Merde … Mais il repart … Attendez … C’est pas pour vous, J’montrais à Charlotte.
(elle crie) « Enfoiré ».
(à Charlotte) « Oui bon, ça va. Je vais en trouver un autre ».
« Ha … j’en vois une qui ralentit … C’est bon signe ».
(elle regarde ses chaussures. elle crie) « Dis-donc le taré. Il pourrait pas vider son cendrier ailleurs
que sur mes pompes ? »
(elle regarde la voiture s’éloigner).
« Et il m’a éclaboussé en plus »
(elle crie en lui faisant un doigt d’honneur) « Pauv’con »
(d’un ton agacé) « Bon, Charlotte. Va te planquer derrière un arbre et laisse-moi faire ».

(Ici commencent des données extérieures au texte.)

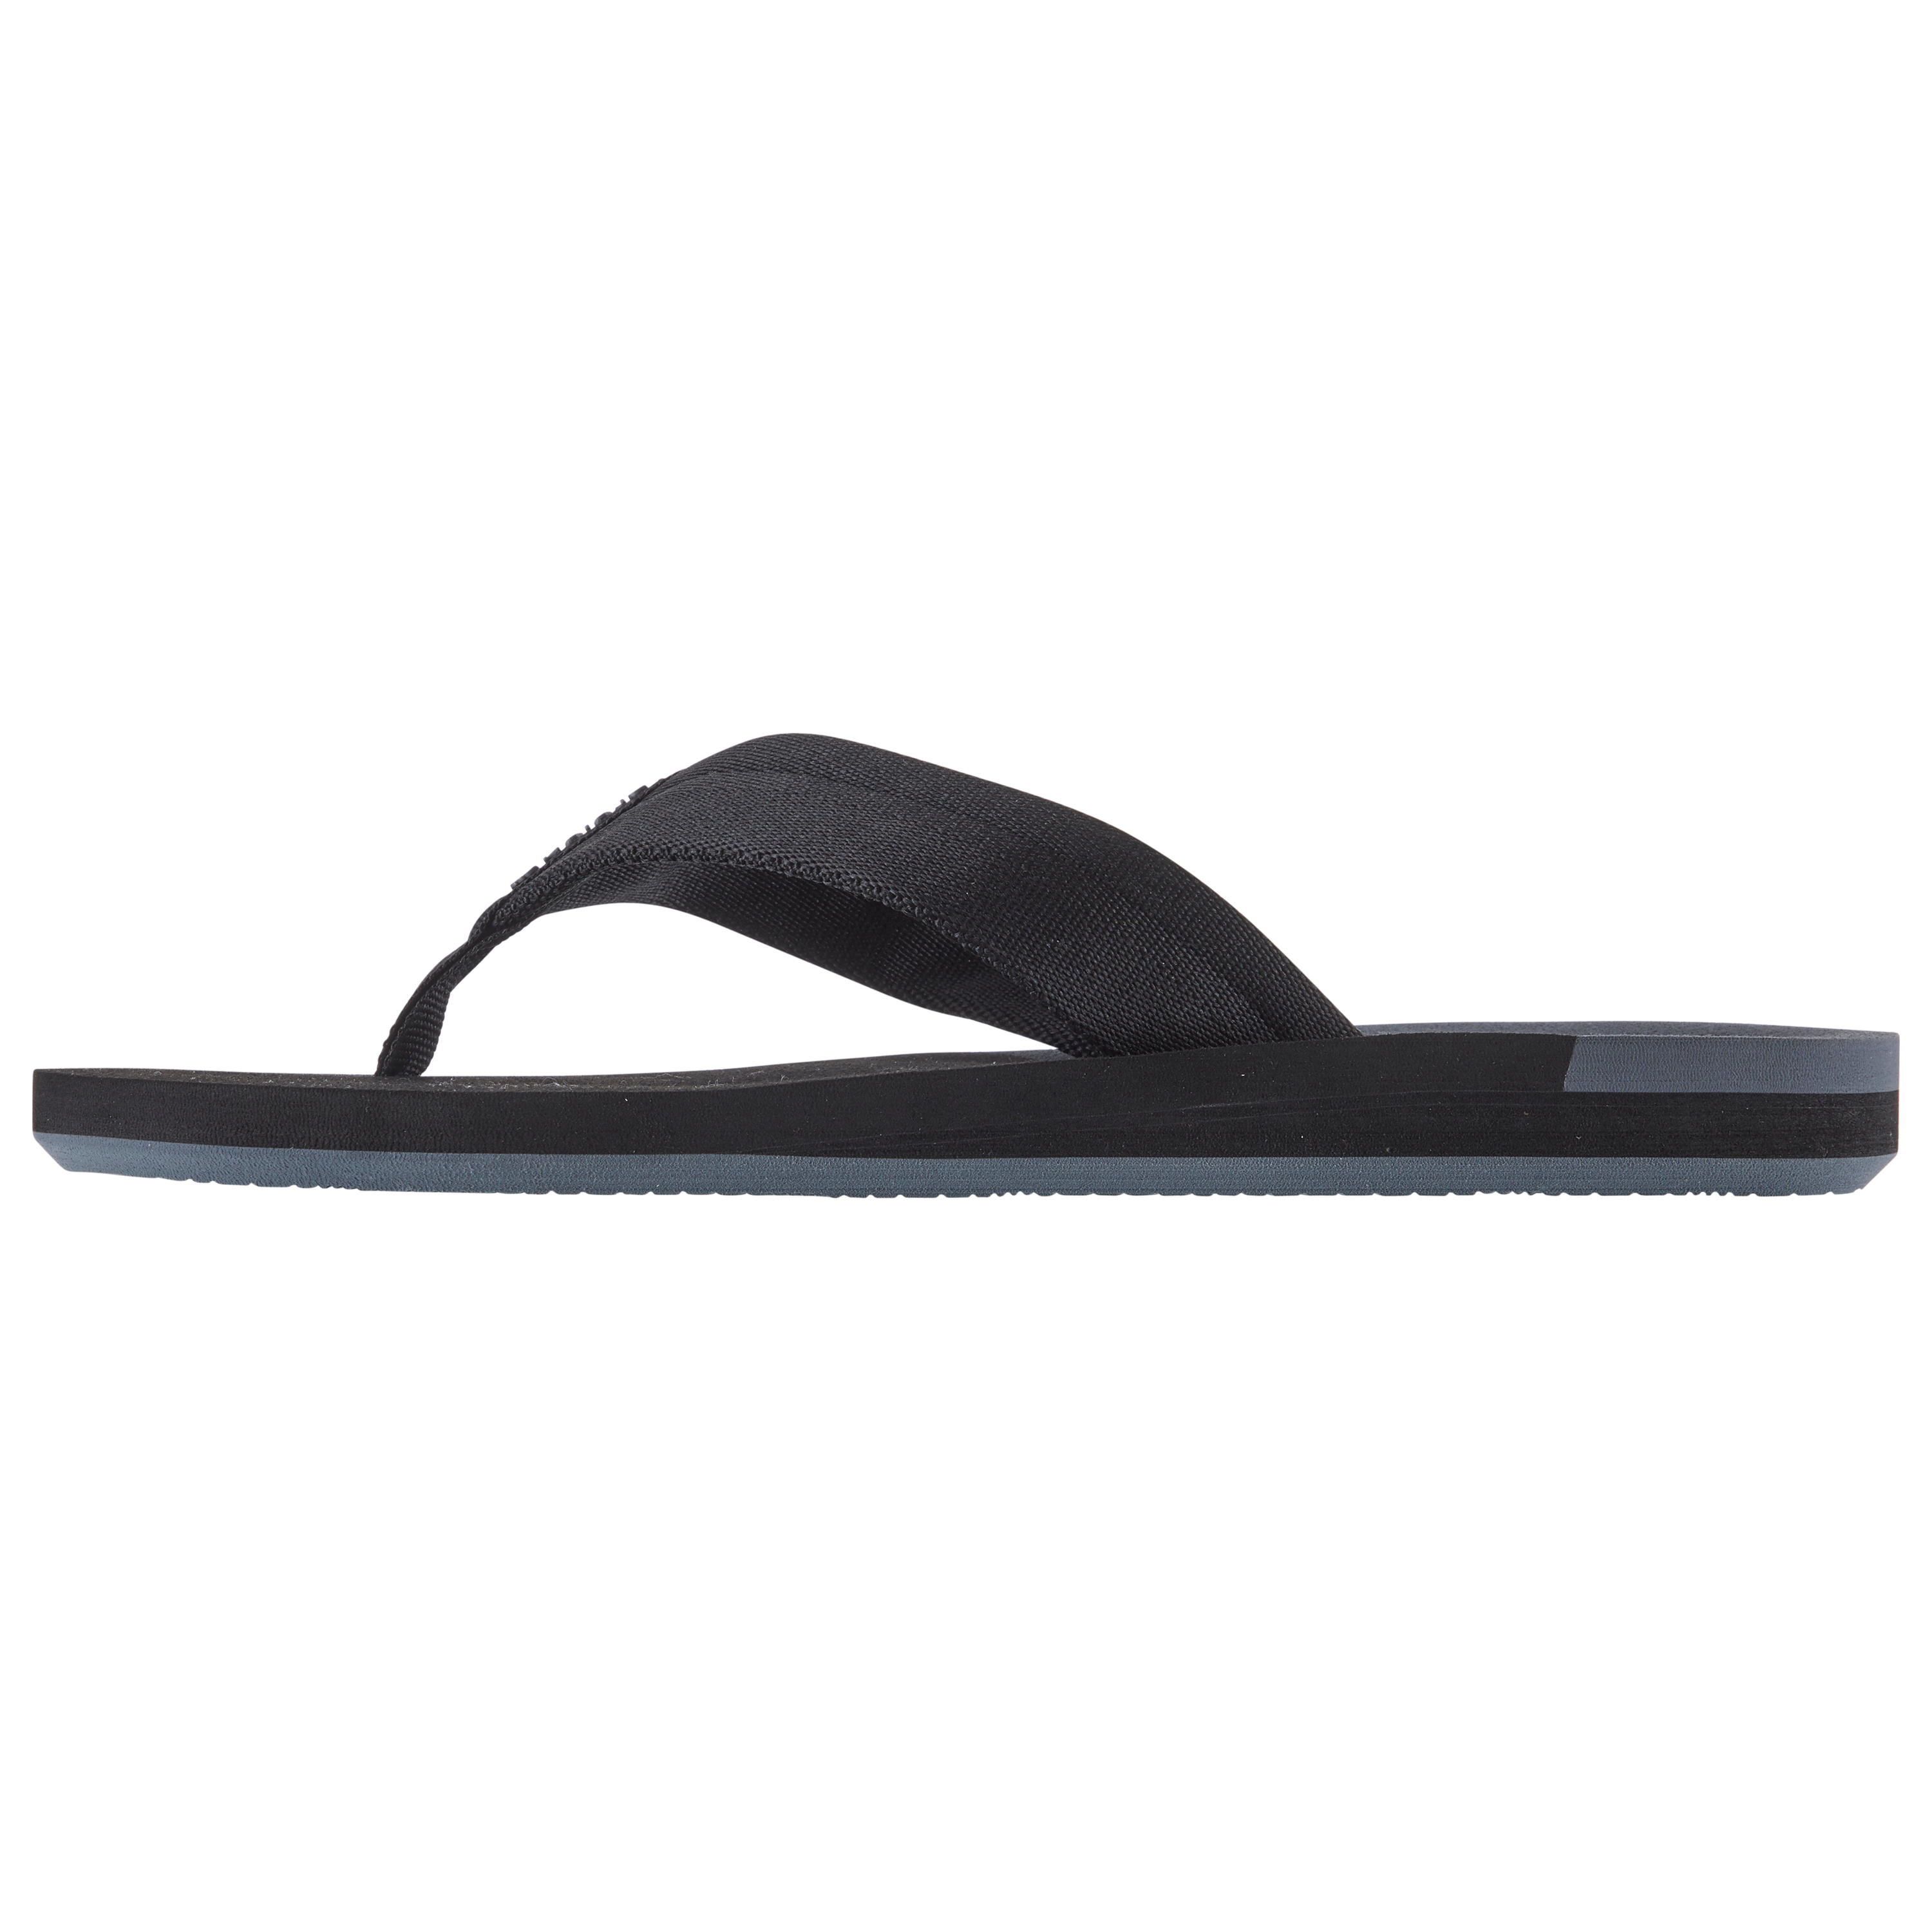 Men's Flip-Flops 520 - New Black 4/6

(elle dégrafe son corsage, relève sa jupe, met sa jambe en avant et tend le pouce) (Quelques
secondes)
Et voilà le boulot … Une 2 CV, d’accord, mais c’est déjà ça.
(elle crie) « Charlotte … viens … le carrosse est avancé ».

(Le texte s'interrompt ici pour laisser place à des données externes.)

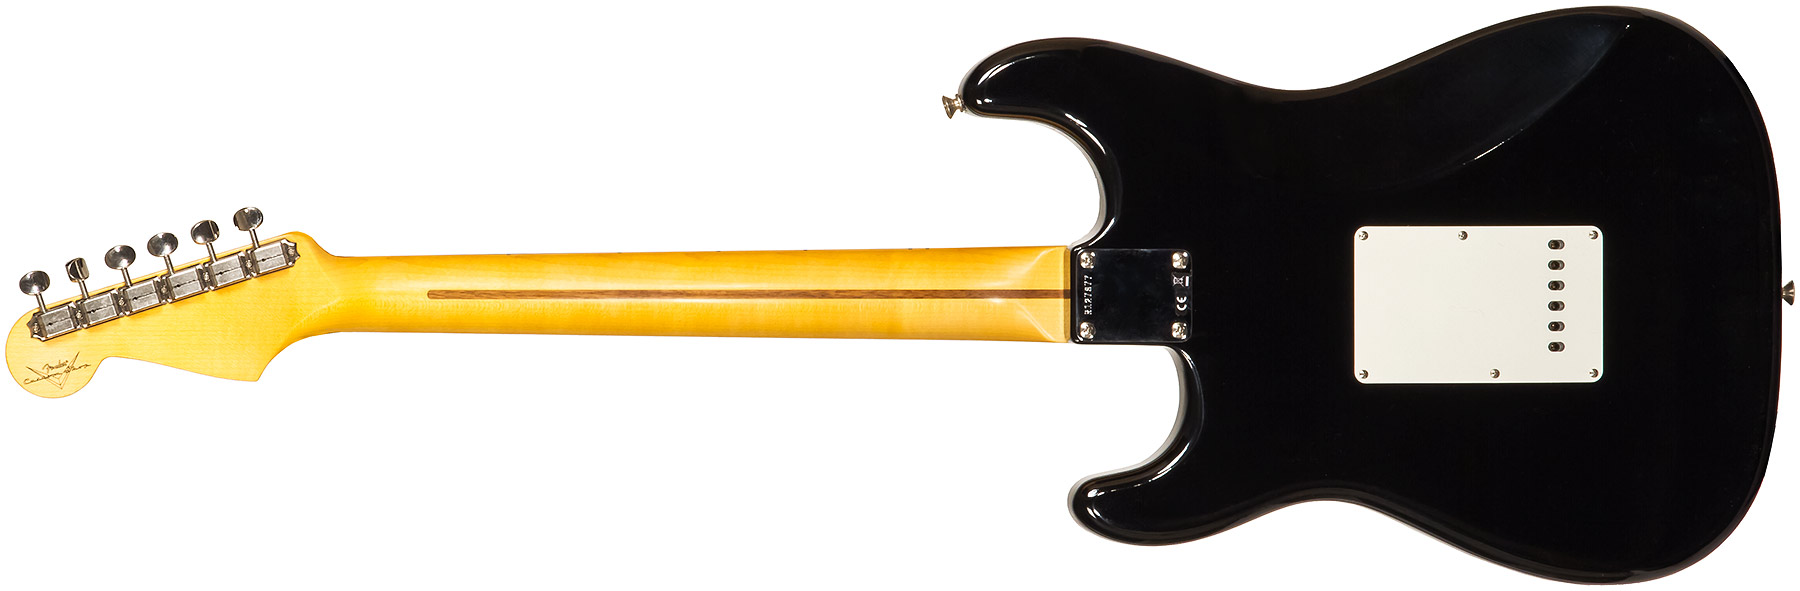 Fender Custom Shop Strat 1955 3s Trem Mn #r127877 - Closet Classic Black - E-Gitarre in Str-Form - Variation 1

(elle se penche à la vitre)
« On va à Cannes »
« Quoi ? Pour niquer on n’est pas obligé d’aller si loin ? »
(elle se tourne vers le public) Quelque chose me dit qu’il-y-a un malentendu.
(elle regarde par la vitre) « Non on ne fait pas de réduction pour les chômeurs, et non on ne pratique
pas la brouette de Zanzibar. On se contente de faire du stop ».
« Ah ? Vous m’aviez prise pour une pute ? Y’en a beaucoup sur cette route ? »
Mais je vais lui casser la gueule.
(Elle donne un coup de pied dans la portière) « Va te faire foutre, saligaud ».
(elle se tourne vers Charlotte)
« Bon … Ben, ras-le-bol du stop. ».
(quelques secondes)
« C’est ça, Charlotte. Continue à faire des doigts d’honneur. Moi je préfère prendre le train à la gare
d’Austerlitz pour aller dans la Creuse ».
(elle fait quelques pas et se retourne) Ouahhhhh, une décapotable qui s’arrête et Charlotte qui monte
dedans.
(elle court vers le centre de la scène) « Attendez … J’arrive ».
« Quoi ? Vous ne voulez pas ? Vous prenez pas les moches ? ».
Mais je vais le défoncer, ce fumier.
« Descends, Charlotte … descends … Et ne me fais pas de doigt d’honneur … D’ailleurs un doigt
d’honneur ça se fait pas comme ça (stop) mais comme ça (majeur : doigt d’honneur) … (elle crie)
Bande d’enfoirés ».
Bordel … Y’a une voiture de flics qui s’arrête.
(elle se penche à une portière) « Moi ? Je vous ai fait un doigt d’honneur en vous traitant d’enfoirés
? (elle rit jaune) C’est un malheureux concours de circonstances, j’vous assure … J’adore la police
… Oui, oui … Je vais vous l’expliquer au commissariat ».
(elle marche, les deux mains en avant, comme si elle était menottée) « Et après, vous pourriez pas
me déposer à la gare d’Austerlitz ? J’vais dans la Creuse ».